Uma empresa familiar criada para guardar os bens é, na prática, uma pessoa jurídica (uma empresa) que passa a ser a “proprietária” do seu patrimônio — imóveis, participações em negócios, investimentos financeiros.
Você e sua família são os sócios dessa empresa. Cada membro tem uma cota (um percentual de participação). Os bens ficam registrados no nome da empresa, não mais no seu nome pessoal.
Parece complicado, mas a lógica é simples: ao invés de a família ter cinco imóveis no nome de cinco pessoas diferentes, todos esses imóveis ficam dentro de uma empresa só. E as pessoas possuem cotas dessa empresa.
O que muda na prática?
- Os bens são protegidos de dívidas pessoais dos sócios (em muitos casos).
- A transferência do patrimônio para os filhos pode ser feita de forma gradual, ainda em vida.
- Em muitos casos, o imposto sobre bens herdados (o imposto de herança) pode ser menor.
- O inventário — o processo de partilha dos bens após a morte — pode ser mais rápido e barato.
- A família mantém o controle dos bens mesmo durante o processo de transferência.
Importante: A empresa familiar não elimina impostos. Ela reorganiza a forma como o patrimônio é gerido e transferido — o que, em muitas situações, resulta em economia real.
Quem deve considerar criar essa estrutura?
Não existe uma resposta única. Mas há perfis em que essa estratégia costuma fazer mais sentido.
Faz sentido considerar quando:
- Você tem dois ou mais imóveis e quer facilitar a herança para os filhos.
- Você tem um negócio próprio e quer separar os bens pessoais dos riscos da empresa.
- Você quer transferir o patrimônio gradualmente para os filhos ainda em vida, reduzindo o imposto de herança.
- Você tem conflitos familiares latentes e quer criar regras claras sobre a gestão dos bens.
- O valor total do seu patrimônio supera R$ 500 mil (abaixo disso, os custos podem superar os benefícios).
Quando pode não compensar:
- Patrimônio concentrado em um único imóvel residencial.
- Família pequena, sem risco de conflito na partilha.
- Proprietário sem renda para arcar com os custos de manutenção da empresa.
- Situação fiscal já organizada e sem bens em nome de terceiros.
O ponto central é este: criar essa estrutura tem custo. E esse custo precisa ser menor do que os benefícios que ela traz ao longo do tempo.
Caso concreto: a família do Jorge
Jorge tem 62 anos, é comerciante em Ribeirão Preto e tem três filhos adultos. Ao longo de 30 anos, ele acumulou o seguinte patrimônio:
- O imóvel onde mora (avaliado em R$ 600 mil)
- Dois apartamentos alugados (R$ 350 mil cada)
- 50% de um galpão comercial (R$ 800 mil)
- Aplicações financeiras (R$ 200 mil)
Total aproximado: R$ 2,3 milhões.
Jorge era viúvo e sabia que, se nada fosse planejado, seus filhos teriam que abrir um inventário após sua morte. O processo poderia levar de 1 a 3 anos — e o imposto de herança (o imposto sobre bens herdados), no estado de São Paulo, chega a 4% do valor total. Isso representa até R$ 92 mil só de imposto, fora advogados e cartório.

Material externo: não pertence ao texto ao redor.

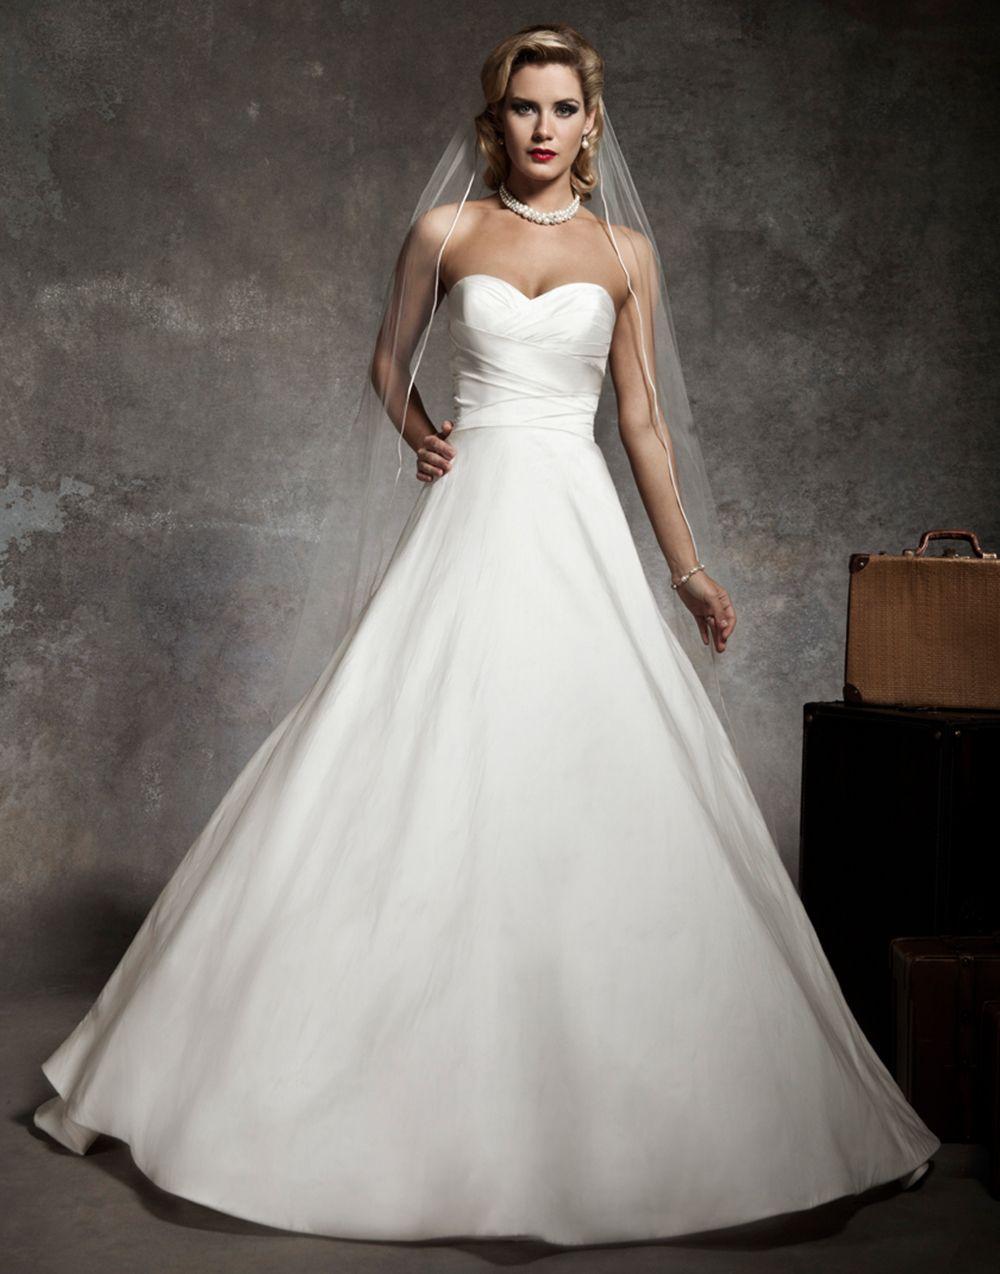 Justin Alexander Wedding Dresses Style 8635 Strapless Sweetheart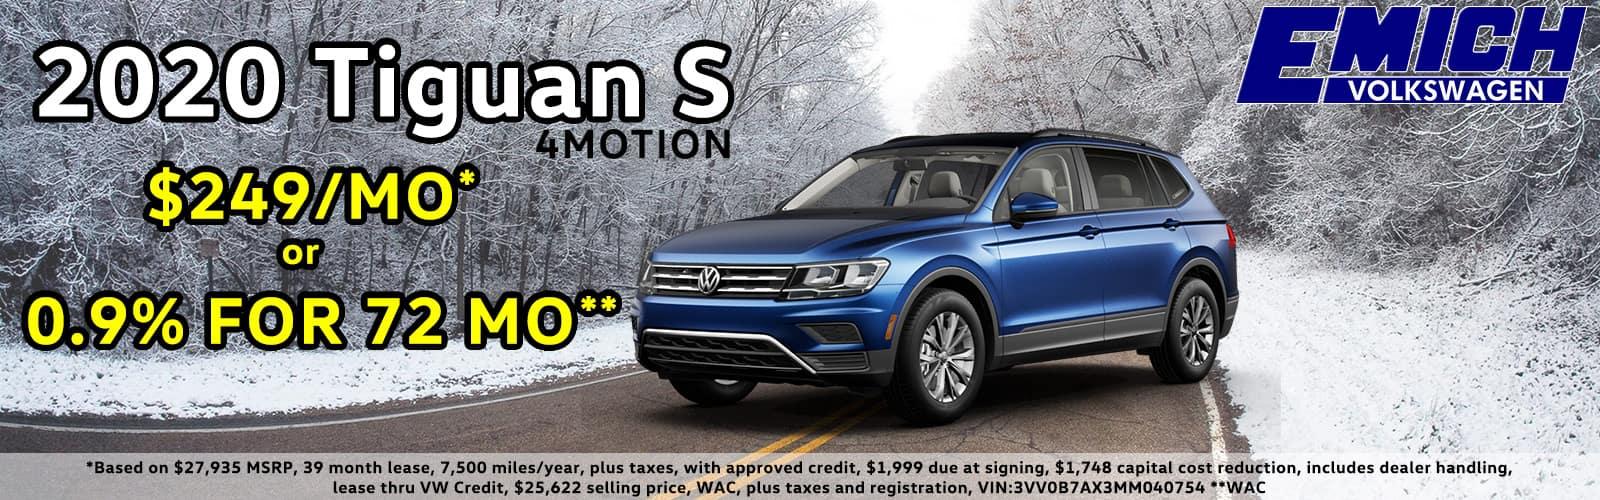 2020 VW Tiguan Special Deal

Com a ajuda de um especialista, Jorge criou uma empresa familiar para guardar os bens. Ele transferiu os imóveis e a participação no galpão para essa empresa. Seus três filhos entraram como sócios minoritários, recebendo cotas progressivamente.
O resultado:
- O imposto de herança foi calculado sobre o valor das cotas — que pode ser inferior ao valor de mercado dos imóveis.
- A transferência das cotas foi feita ao longo de anos, em pequenas parcelas anuais — aproveitando as isenções disponíveis na legislação.
- Jorge manteve o controle total dos bens durante sua vida, porque ficou com a maioria das cotas e com poderes de gestão.
- Seus filhos não precisarão abrir um inventário complexo. As cotas já estão registradas.
O custo para criar a empresa foi de aproximadamente R$ 8 mil (honorários de advogado + contador + registro). A manutenção anual gira em torno de R$ 6 mil (contabilidade mensal + declarações fiscais).
Para um patrimônio de R$ 2,3 milhões, o custo foi justificado.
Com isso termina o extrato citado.